魔法習得のために、可能な限り子供たちを魔法院で学ばせるという、言ってみれば社会的コストを払うだけの必要性と。

―――魔法技術体系が広まることによる、文明の停滞リスクについて。


魔法が便利すぎる世界では、

技術は必要とされないのかもしれない。


________________________________________


別の日のこと。


今日はなんと!

クララの自宅に訪問なのだ!


神殿や孤児院に休日はないが、魔法院は10日ごとに休日が存在する。

なので孤児院と神殿に外出許可をもらい、クララのうちにやってきた。


クララの両親が亡くなったときのこと。

「ほら、いったん手放しちゃうと、また借りるのが大変でしょう?」

とクララ

「急だったから家財道具の処分もできないし。

魔法院を卒業したら、また住む場所が必要になるし。

ヴィクトールさんが大家さんに交渉してくれて、家賃を下げて頂いて借り続けているの。」


「それでね。定期的な掃除や空気の入れ換えでここに来るのよ。」

ほ~

アンヌ「アタシも何度か手伝いに来てるんだ」

へ~

今日は、クララ・アンヌ・私に加え、マリィ・エリス、それにサチの6人で、拡大お泊まり女子会の開催なのだ。

マリィ「昔遊びに来たことはあったけど、みんな小さかったからね~ 私もエリスもお泊まりは初めてよ!」

「今日は行くとこまで行くよー!」

「おおー!」アンヌ


雑魚寝のための毛布、町で買った食材、おしゃべりのお供のお菓子!

みんなでごはんも作るよ!


魔法院の授業の帰りはみんなでお買い物だ。

晩ご飯を作る役に私は手を挙げた。

「はい!私が作るよ!」

アンヌとクララは疑いの目だ。


でもね、異世界定番ハンバーグ作りやってみたいの!

「お金は入学準備の時の支度金がね、ほら、ソフィさん出してくれたでしょ?」

「お願い!」

クララの厳しい監督を受けることを条件に許してもらった。

よし、

広場に行くぞ!


挿絵(By みてみん)


しかしながら、つなぎのパン粉がない、いや黒パンのパンくずはあるけど、それは入れない方がおいしそうだ。

たまごもない。定番ハーブのオレガノやナツメグもない。

ソースにできそうなもの、例えば日本の中濃・ウスターソースがない、トマトがないからケチャップもない。和風にするための醤油も当然ない。

牛とぶたのらしいものがあったので、それを購入。
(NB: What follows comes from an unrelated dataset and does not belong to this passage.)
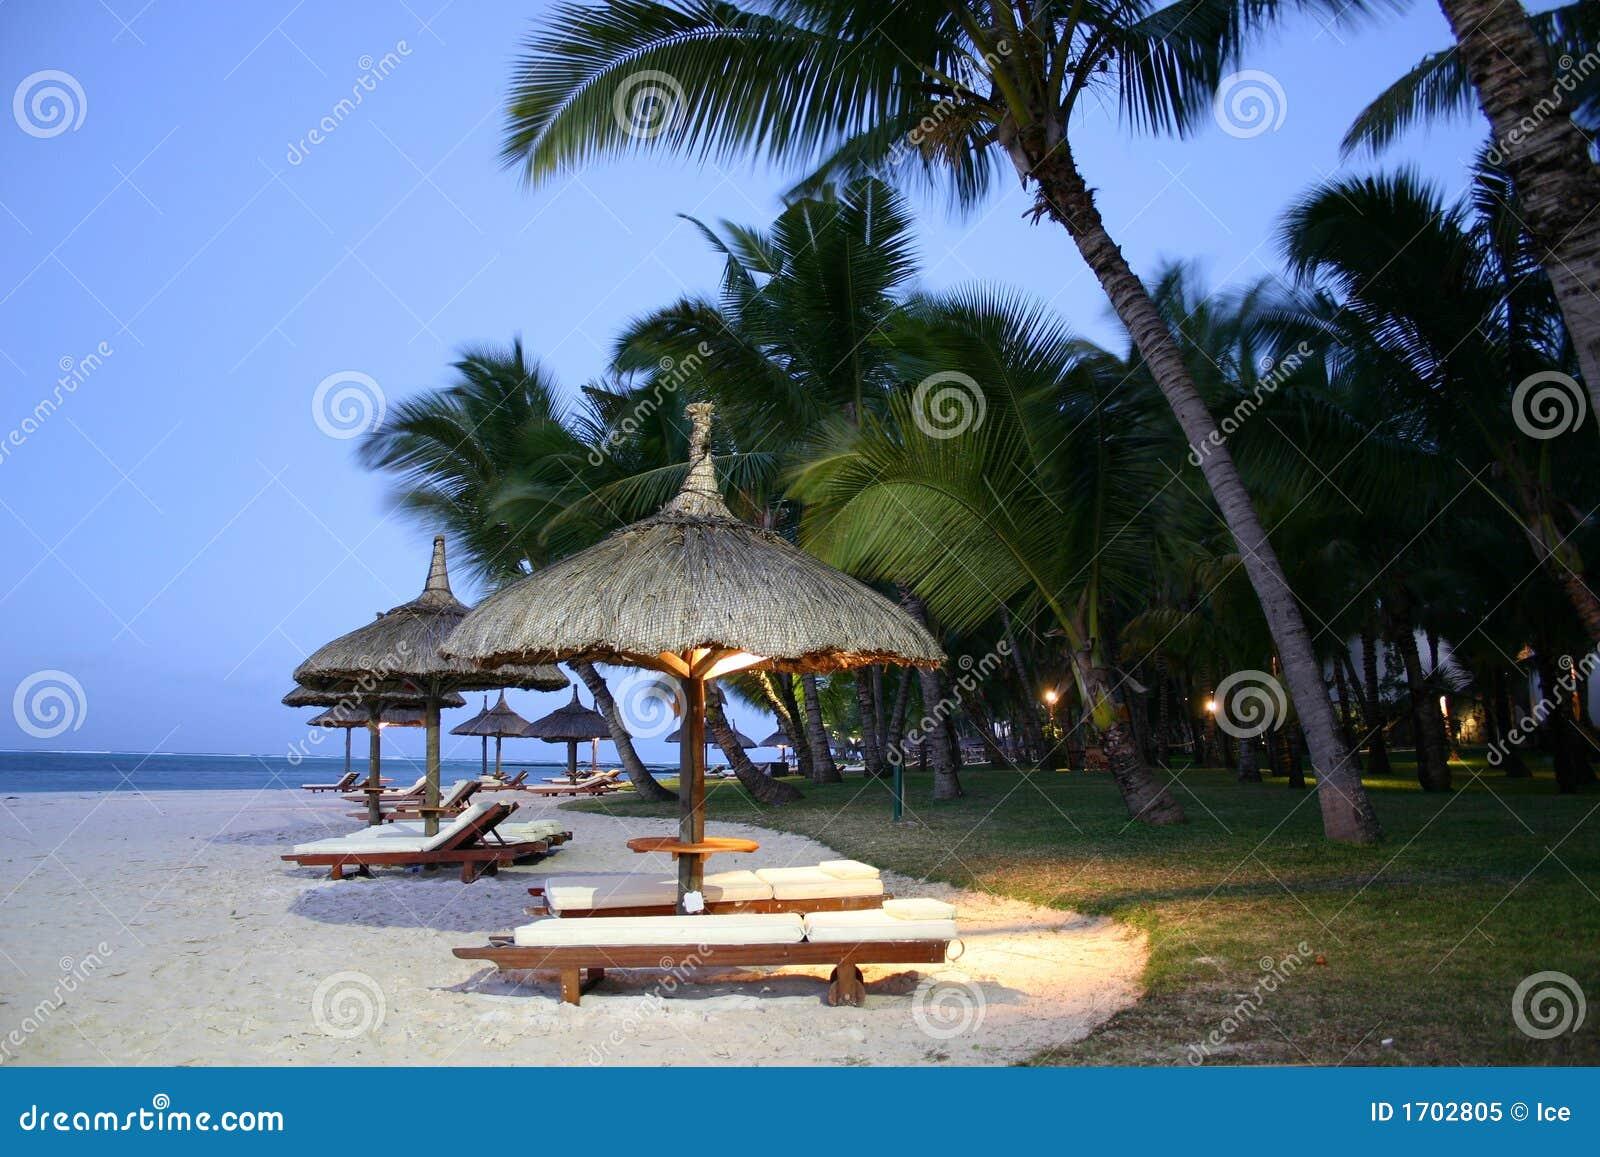 Download Island Umbrellas stock image. Image of palm, romantic - 1702805

ジャガイモ・にんじん・タマネギを購入した。

クララが翌日の料理を作ってくれるというので、そちらの買い物は任せ、私は孤児院にサチを迎えに行った。


サチと二人でクララの家に向かう。

「おじゃましま~す」

中にはなぜかソフィおかあさんがいた。

「クロエちゃん、なんで私に教えてくれないの?」じとっ

「え? あの?」

クララちゃんに目で尋ねる。

「クロエちゃんが、そのハンバーグ? のソースの材料が足りないって言ってたでしょ。

それでソフィさんに聞きにいったらね?」

「クロエちゃんの初めてのお料理を食べないなんて、そんなのだめに決まってるじゃない!もぉ~」

おかあさんはとっても楽しそうだ!

『はじめてのおつかい』ですかー?


さて、この世界で初めて作る「料理」だ。